:: Assignment ::
Using the records that appear below, write out exactly the lines from the one with "Charles David Floral" through the one with "Studebaker Commander Regal Coupe, 1955 m.", keeping both end lines.

:: Given information ::
★ ★ ★ ★ ★
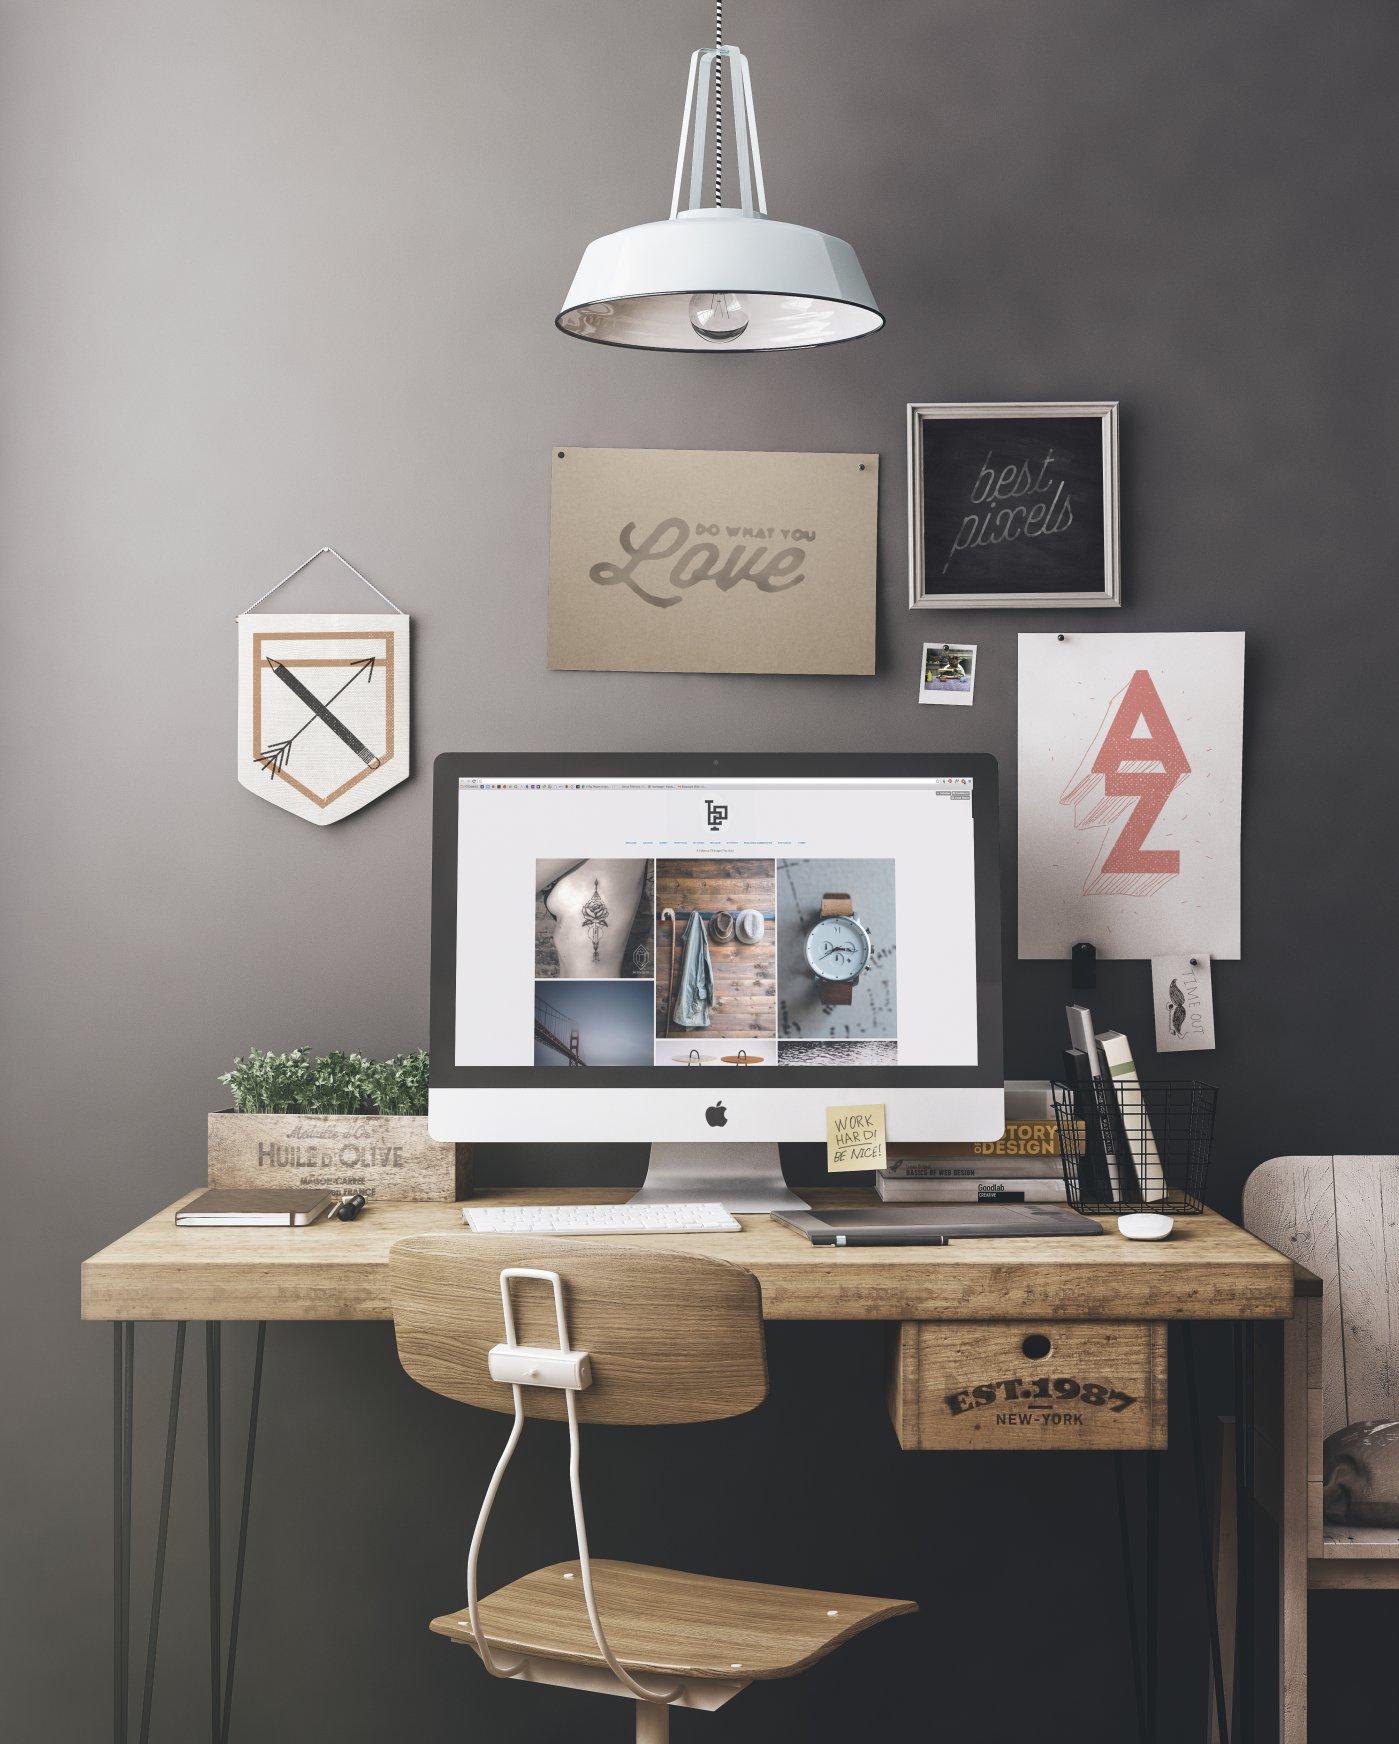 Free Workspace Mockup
★ ★ ★ ★ ★
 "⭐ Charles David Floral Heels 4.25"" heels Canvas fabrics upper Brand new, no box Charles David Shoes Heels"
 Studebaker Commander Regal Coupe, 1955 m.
★ ★ ★ ★ ★
:: Response to this task ::
 "⭐ Charles David Floral Heels 4.25"" heels Canvas fabrics upper Brand new, no box Charles David Shoes Heels"
 Studebaker Commander Regal Coupe, 1955 m.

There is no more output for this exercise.